SPARC Forums
Main Forums => Dear Socrateaser => Topic started by: caringstepmom on Nov 04, 2005, 01:26:11 PM
If the CP and NCP have agreed on a monthly amount and no court was previously involved?
If the CP decides to take NCP to court, can the court actually decide that the agreement they both signed is void and order back support?
>If the CP and NCP have agreed on a monthly amount and no
>court was previously involved?
>
>If the CP decides to take NCP to court, can the court actually
>decide that the agreement they both signed is void and order
>back support?
Yes.
Under the law of every jurisdiction, parents may not bargain away their child(ren)'s right to support. If a final or temporary child support order has been entered by the court at some past date, then the support amount ordered therein is the lawful amount due and payable from the NCP to the CP according to the conditions of the order. The parties to such an order, cannot independently modify the support amount due and payable, without the court's express consent. Therefore, either parent can ask the court to void the agreement for a different support amount, and if the court believes that it is fair to modify the agreement, then the court can modify, and make orders finding the paying parent in arrears up to the entire amount due under the original order.
The court can also refuse to vod the agreement of the parties -- but, as a practical matter, such an outcome is "extremely" unlikely.
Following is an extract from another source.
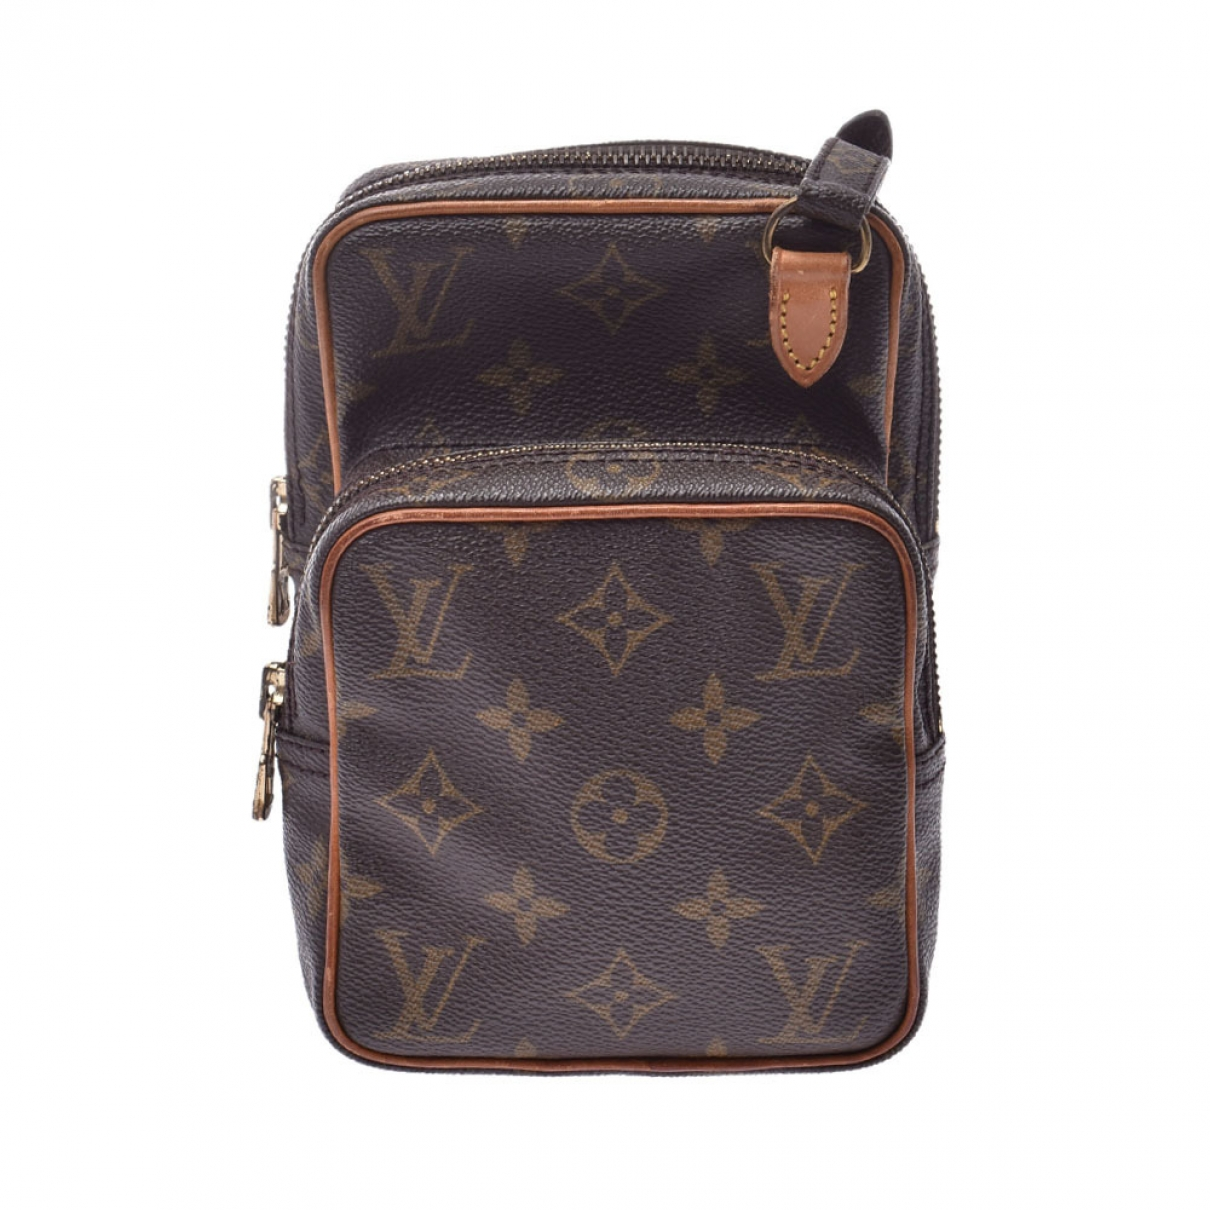 Pochette Amazon de Lona Louis Vuitton

If no support order has been previously entered by a court, then the agreement of the parties for support would control, in the same manner as any other contract. However, the court can void the agreement because its subject matter violates public policy, and then the court can enter a lawful child support order, which in most jurisdictions, may include some amount of retroactive support, if the original agreement between the parties reduced the paying parent's support obligation, to an amount less than the state guidelines would have required.